Given data ::
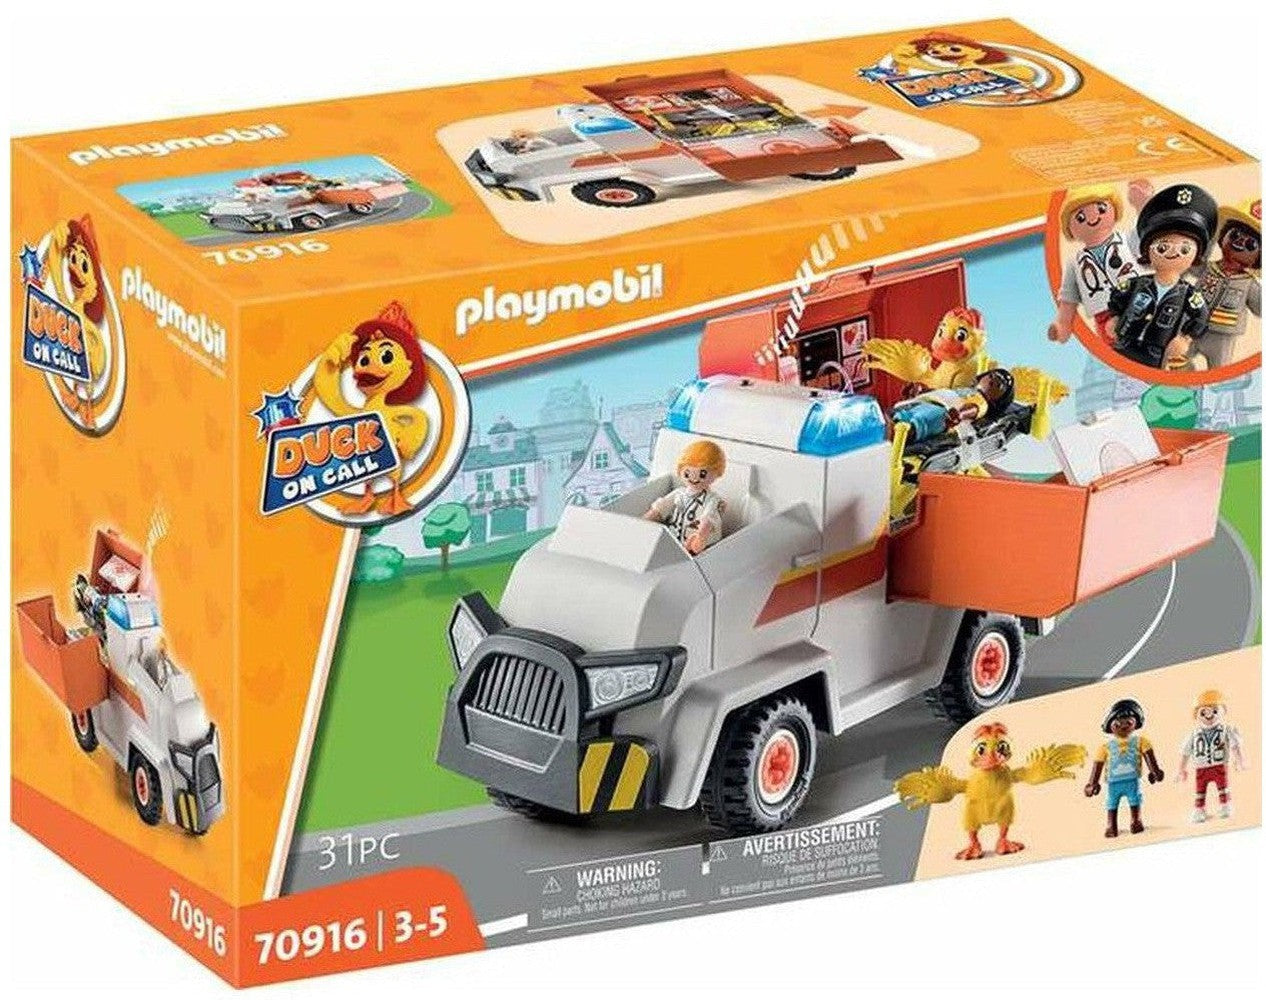 Playset Playmobil Duck on Call Emergency Vehicle Ambulance
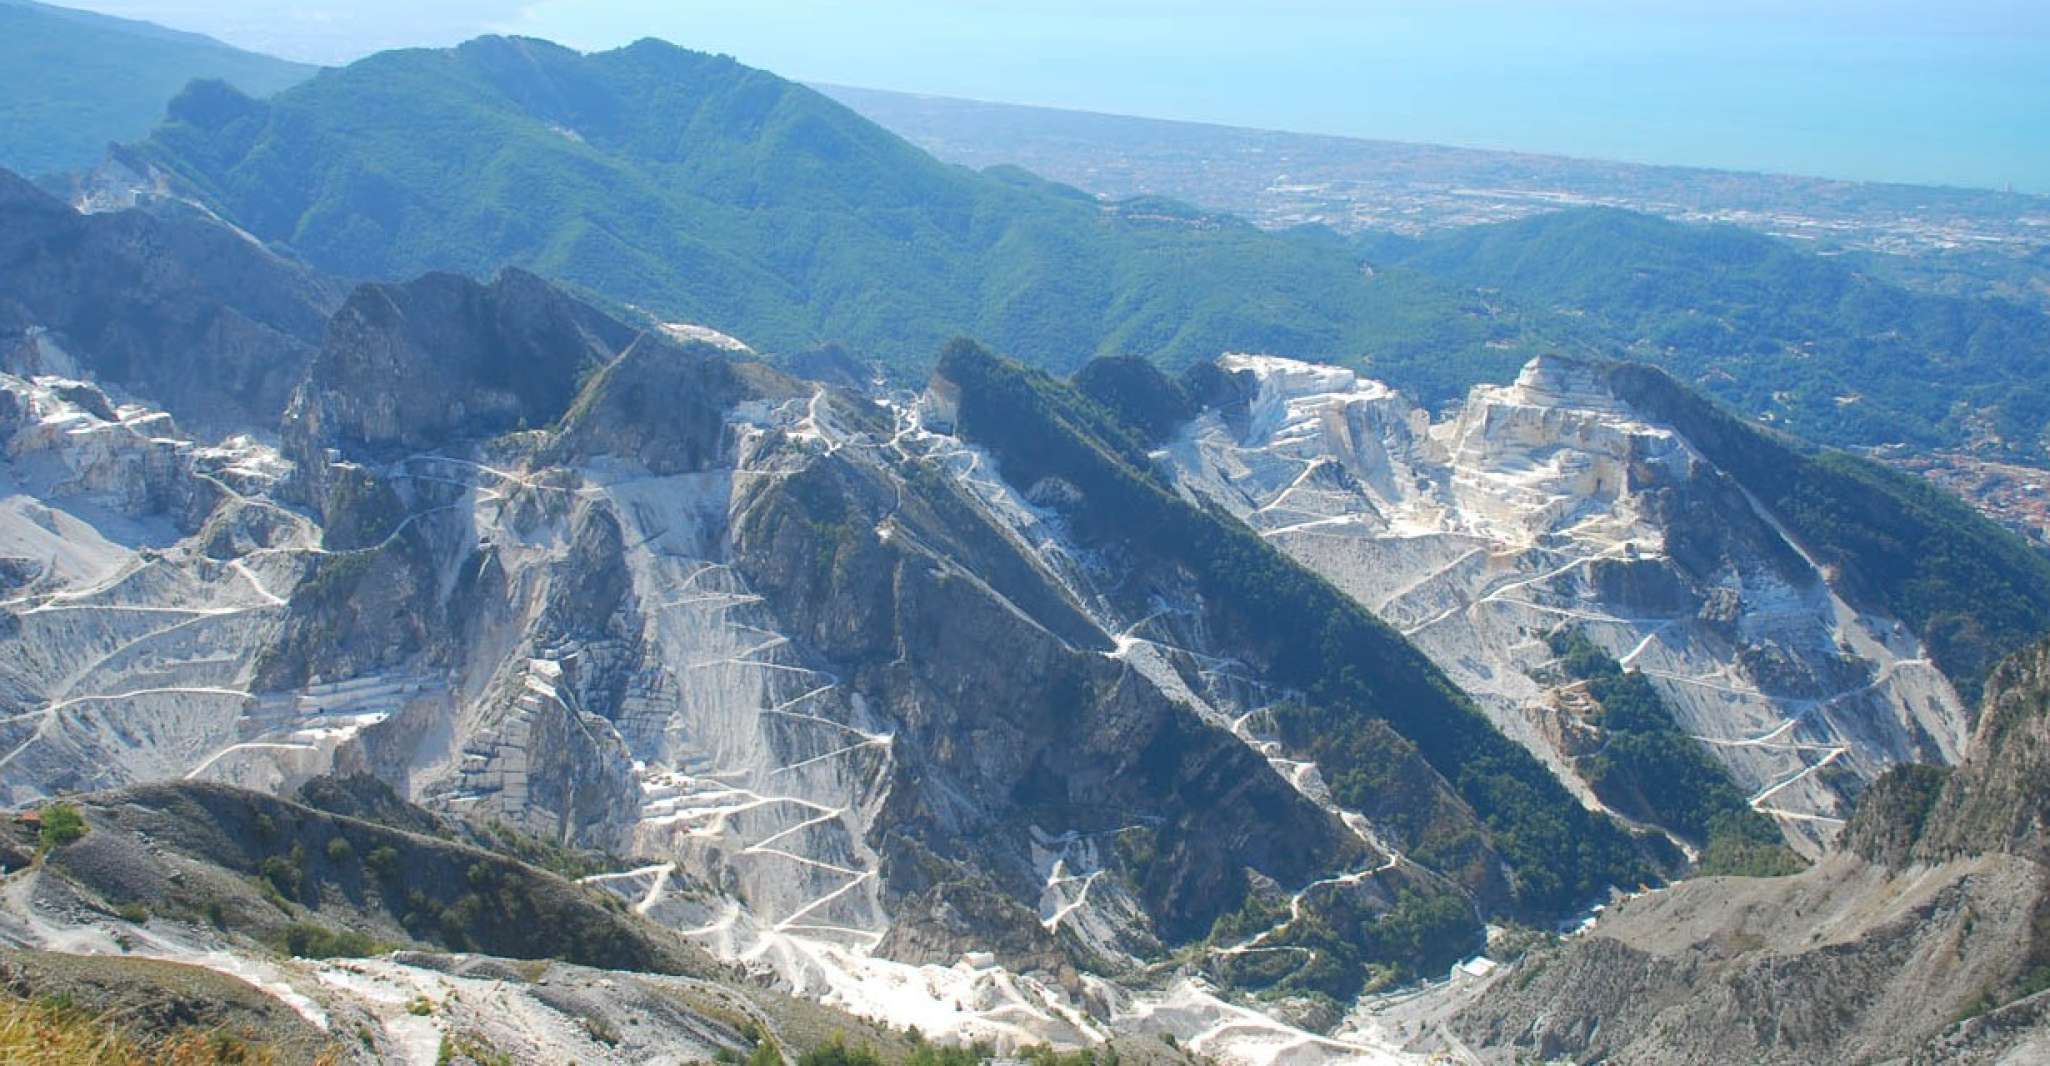 From Carrara, Marble Quarries Jeep Tour with Lardo Tasting - Housity
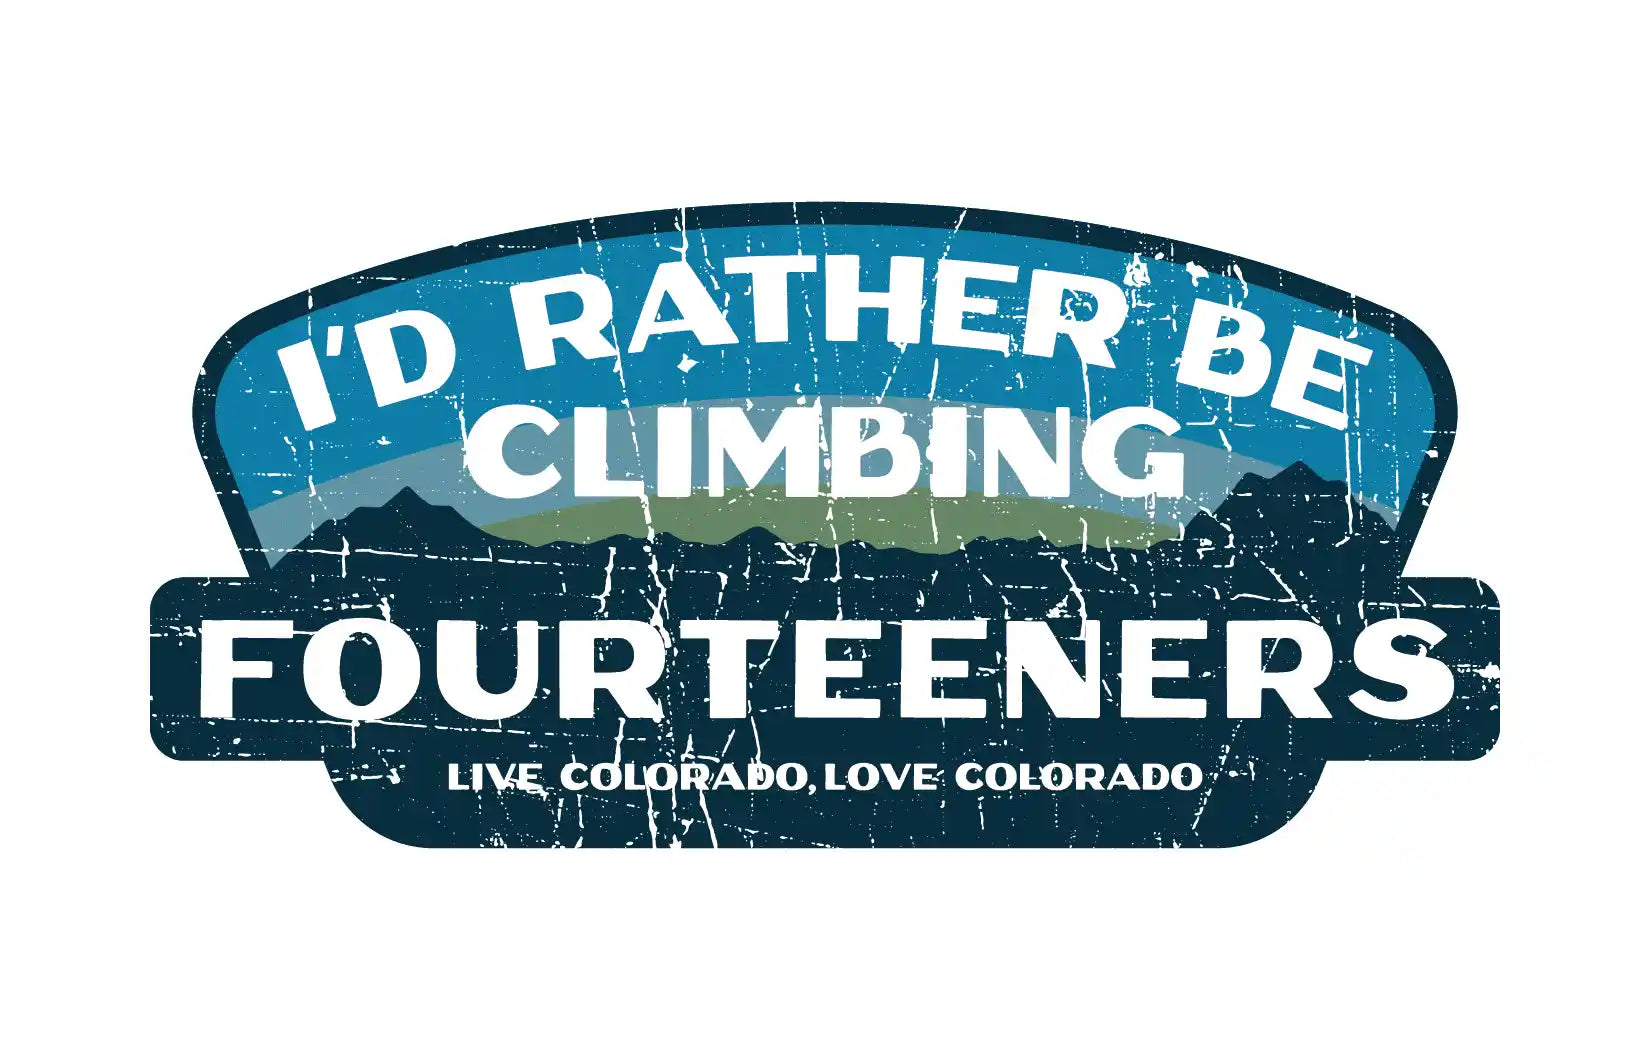 I'd rather be climbing fourteeners retro distressed design ©Cordillera Outdoors

Directions for this task :: This task calls for the listing to be restated exactly, with images omitted.

Response area ::
 Playset Playmobil Duck on Call Emergency Vehicle Ambulance
 From Carrara, Marble Quarries Jeep Tour with Lardo Tasting - Housity
 I'd rather be climbing fourteeners retro distressed design ©Cordillera Outdoors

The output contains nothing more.